Frédéric Alfred d'Erlanger; Frederic Cliffe - Violin Concertos (Philippe Graffin)


Composer: Frédéric Alfred d'Erlanger; Frederic Cliffe
  1. d'Erlanger - Violin Concerto in D minor, Op. 17: I. Allegro moderato e maestoso
  2. d'Erlanger - Violin Concerto in D minor, Op. 17: II. Andante
  3. d'Erlanger - Violin Concerto in D minor, Op. 17: III. Allegro molto
  4. d'Erlanger - Poëme in D major
  5. Cliffe - Violin Concerto in D minor: I. Allegro moderato
  6. Cliffe - Violin Concerto in D minor: II. Andante (poco lento)
  7. Cliffe - Violin Concerto in D minor: III. Lento (recitativo)

Philippe Graffin, violin
BBC National Orchestra of Wales
David Lloyd-Jones, conductor

Date: 2011
Label: Hyperion



The 10th volume of Hyperion’s series devoted to The Romantic Violin Concerto wanders further afield—or so it seems—than did at least most of the earlier volumes into the downright obscure—though by no means the uninteresting—in its exploration of concertos by Baron Frédéric Alfred d’Erlanger and Frederic Cliffe. D’Erlanger’s concerto, according to the booklet notes, received its premiere in 1903 by Hugo Heermann in Frankfurt; Fritz Kreisler and Albert Sammons played it in England, and it must have served as a most appropriate vehicle for them. The first movement’s soaring romanticism, to which Philippe Graffin and David Lloyd-Jones seem keenly attuned, includes a variety of purely violinistic figuration, some of it athletically virtuosic, and a manner of deploying it that makes the solo part sound idiomatic; the work’s harmonic manner includes sudden modulations that should hold a more general listener’s interest. The movement ends with a majestic statement in Lloyd-Jones’s stirring account. The colorful orchestration of the opening movement endures in the woodwind timbres of the transparently scored second. In that movement, the violin takes its turn accompanying the orchestra with a rainbow of spectral arpeggios and bands of slinky figuration. The buoyant and sprightly dance-like finale may strike some listeners as insufficiently weighty—or, alternatively, pixilated (in the pre-digital sense), yet not so elfin as Felix Mendelssohn’s famous finale—to bring a work of the concerto’s gravitas to a satisfying conclusion, but Graffin and the orchestra weave in it their own kind of spell. 

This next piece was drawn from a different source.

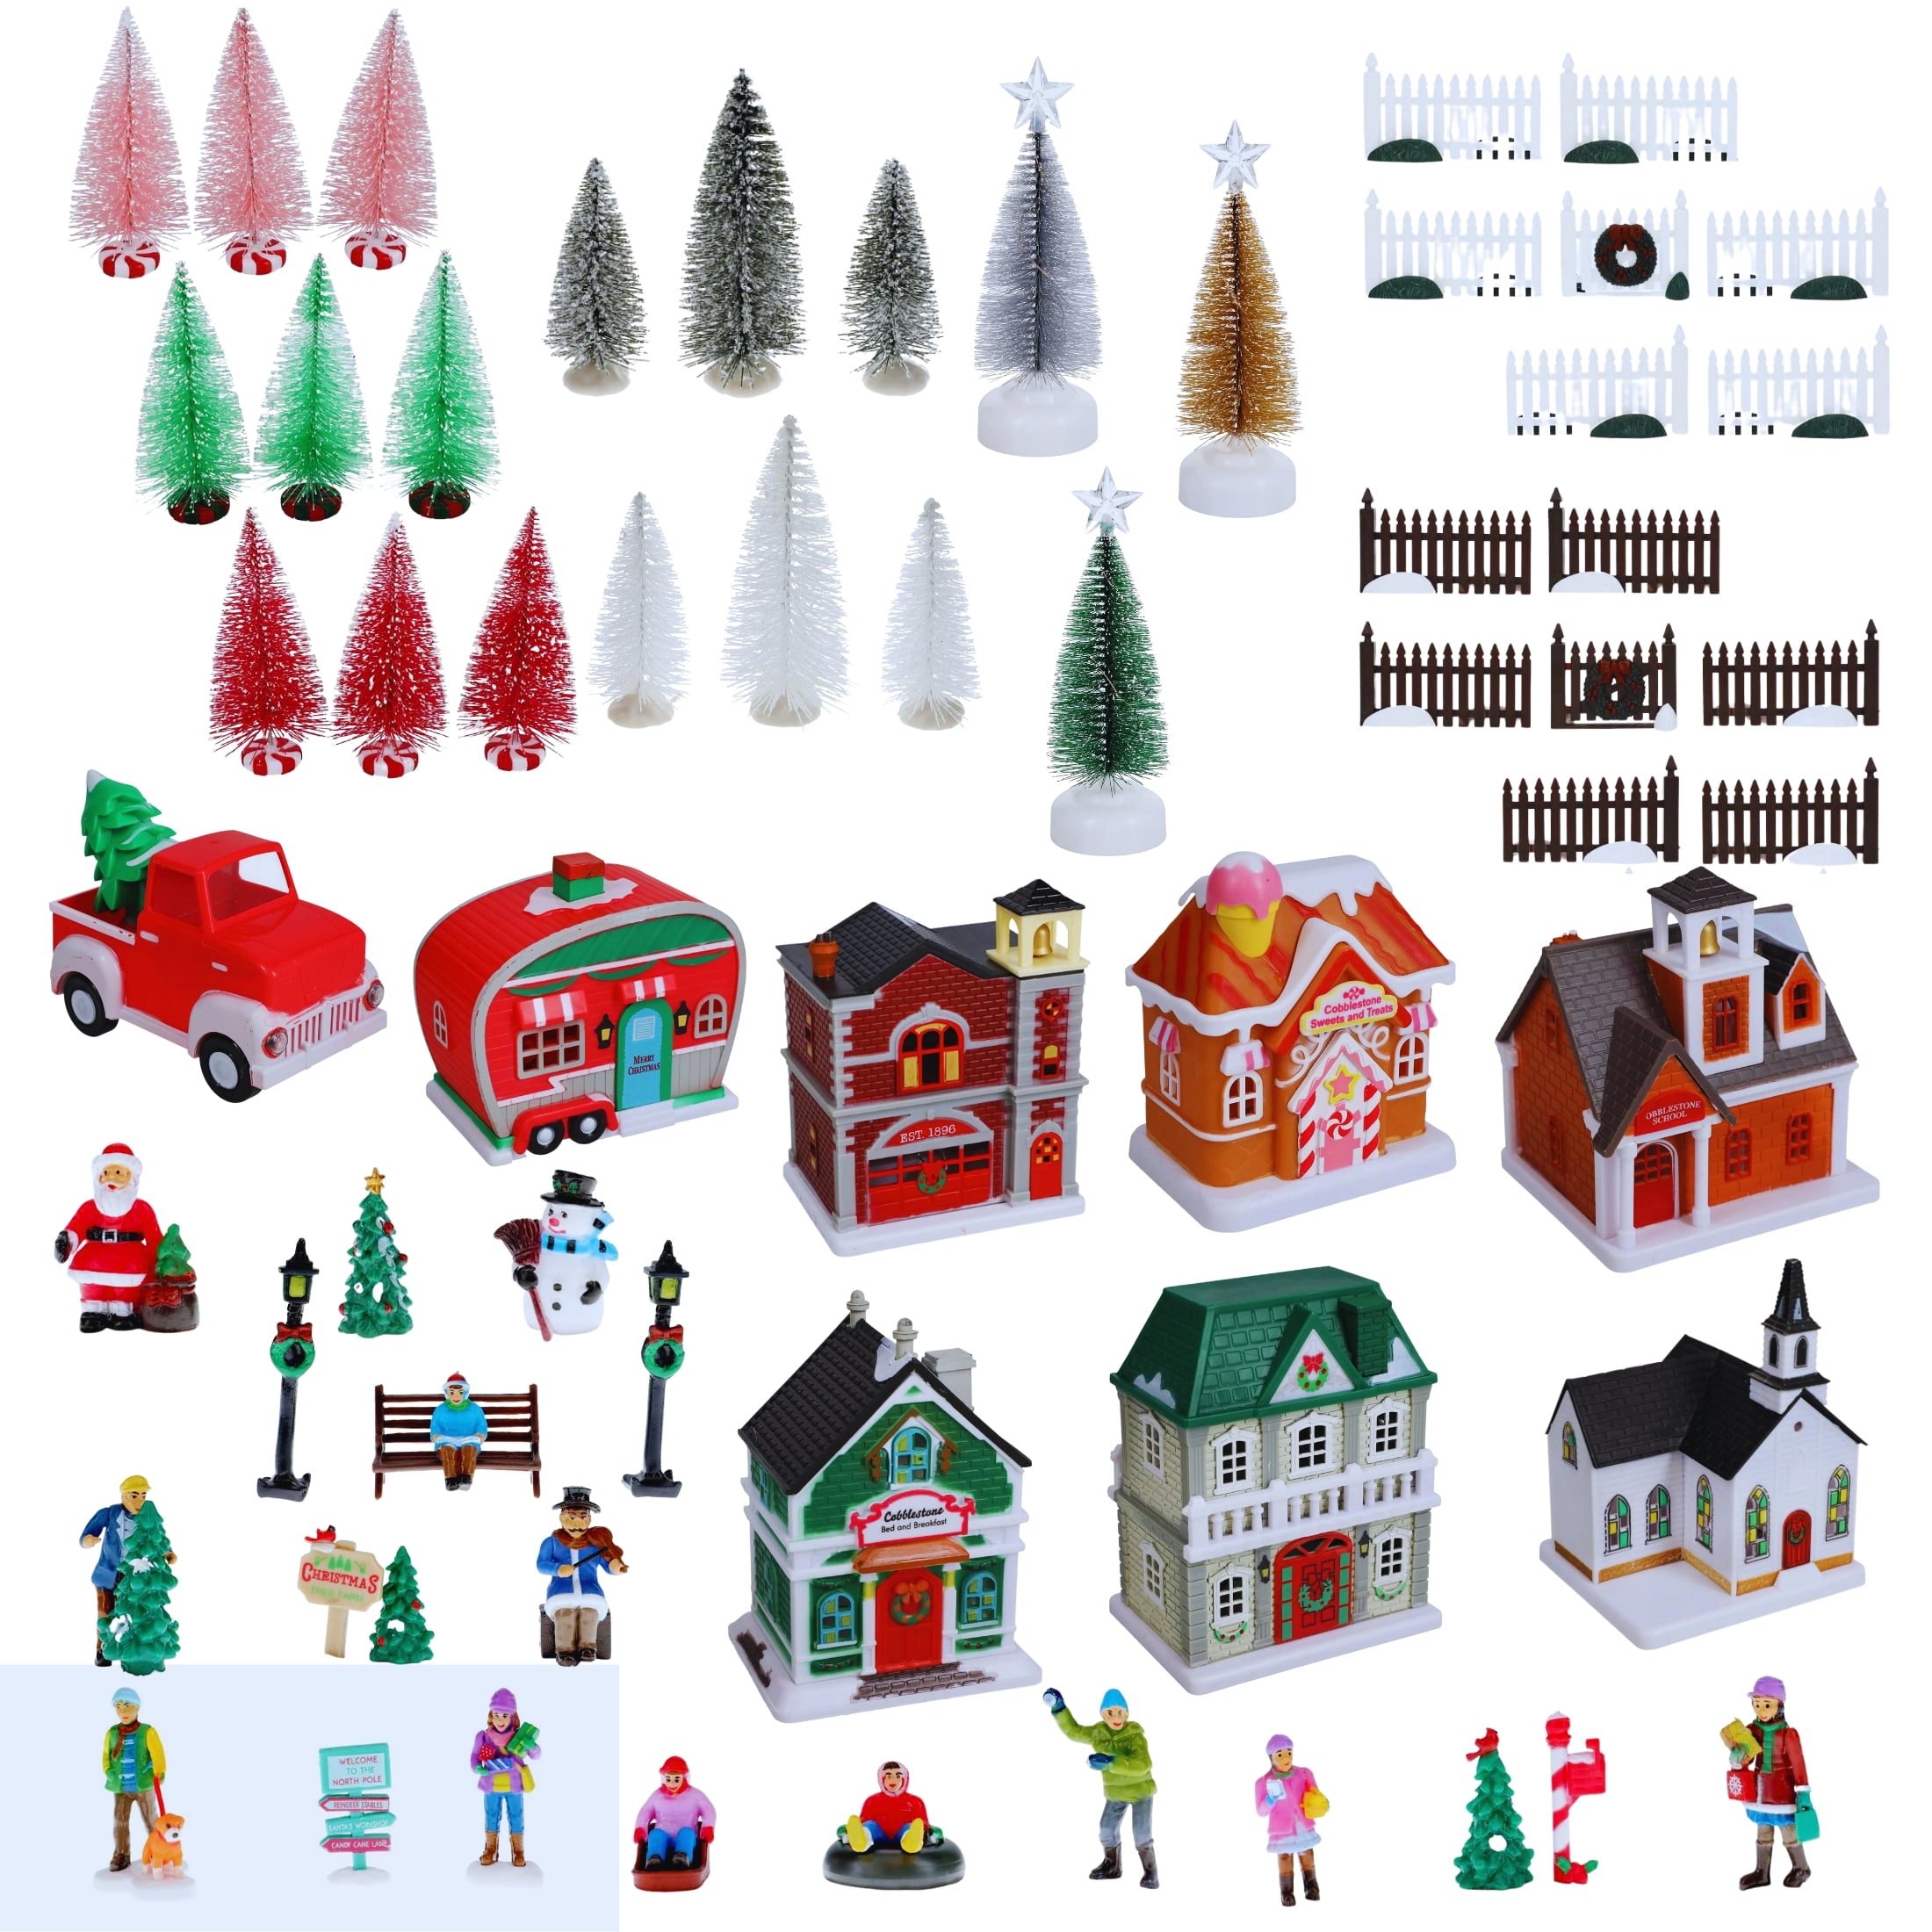 Cobblestone Corners 2022 Christmas Village - 62-Piece Collection Set -  Plastic LED Light-Up Buildings Polyresin Figurines Holiday Craft Ornaments
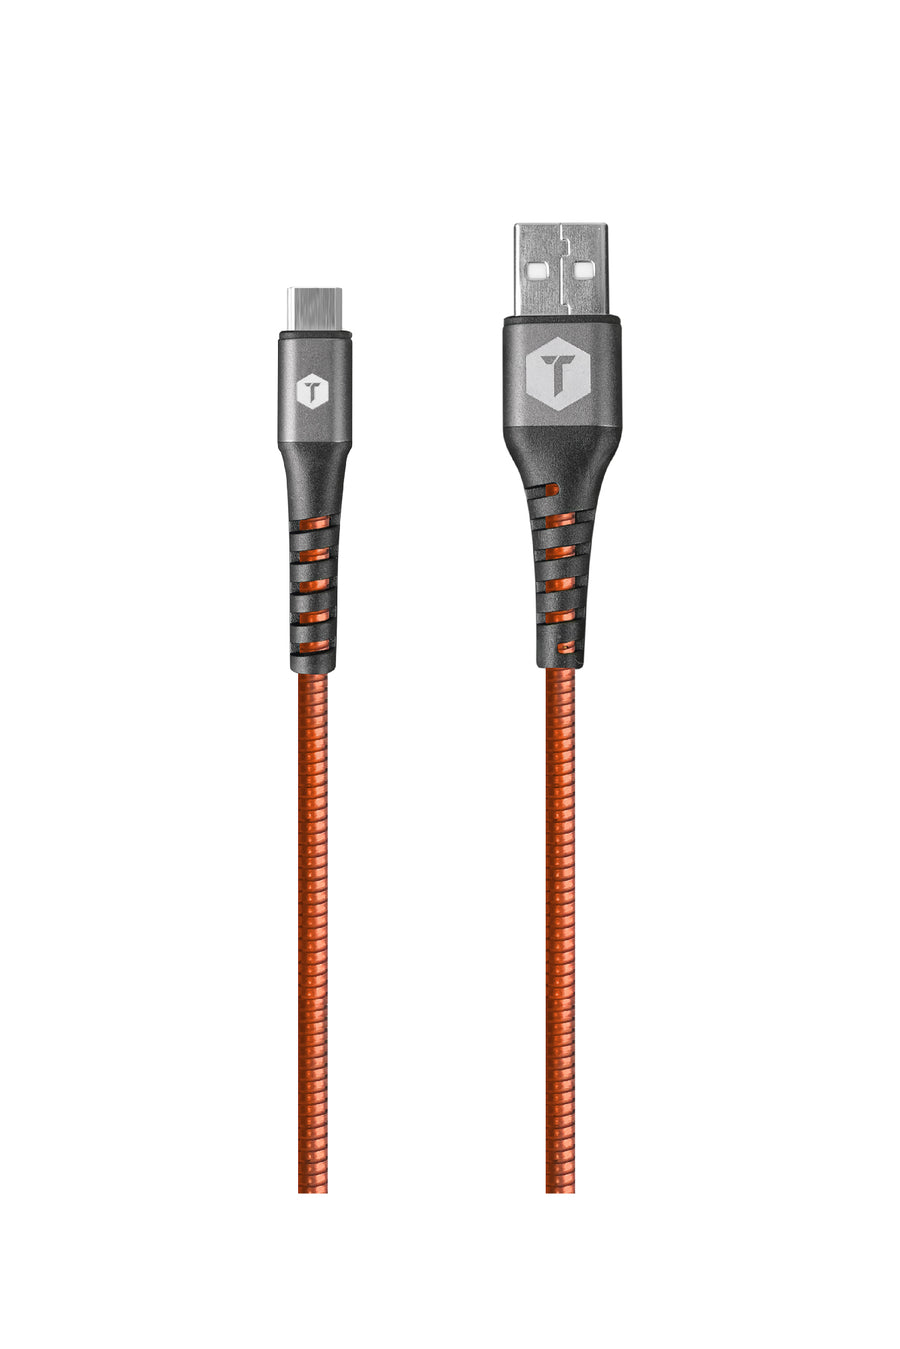 2 Ft. Armor-Flex USB Type C to A Cable

The composer orchestrated his Poème in 1928, although it appeared 10 years earlier. According to the notes, its champions included William Primrose (as violinist) and Adila Fachiri (Jelly d’Arányi’s sister), who played it with the composer in the original violin-and-piano version. In pure sumptuousness, it’s perhaps equal to Ernest Chausson’s similarly designated work, though it sounds more direct, less sinuous, and more focused harmonically. 

Cliffe’s concerto, from 1896, opens, as does d’Erlanger’s, with bold double-stopped statements by the soloist. Both concertos speak in a harmonic dialect rich in surprises and subtle twists, and they confidently combine songlike melodies with violinistic display foreshadowed in their opening measures. Once again, Graffin plays as though born to the manner, and in this concerto he often allows the melodies to languish, swallowed by later sonorous tuttis (Lloyd-Jones knows just when to make those blaring statements). The first movement includes near its end an extensive and well-developed cadenza, with some touches like accompanying tremolo that made the cadenzas Kreisler wrote for popular works so effective. If the slow movement of Cliffe’s concerto doesn’t show the almost pointillistic orchestration of d’Erlanger’s, its melodious themes and rapt interaction with orchestra make it equally moving. After a misty opening, the skies clear to reveal a vigorous, ruddy finale that’s nevertheless as rich as the preceding movements of harmonic finesses. 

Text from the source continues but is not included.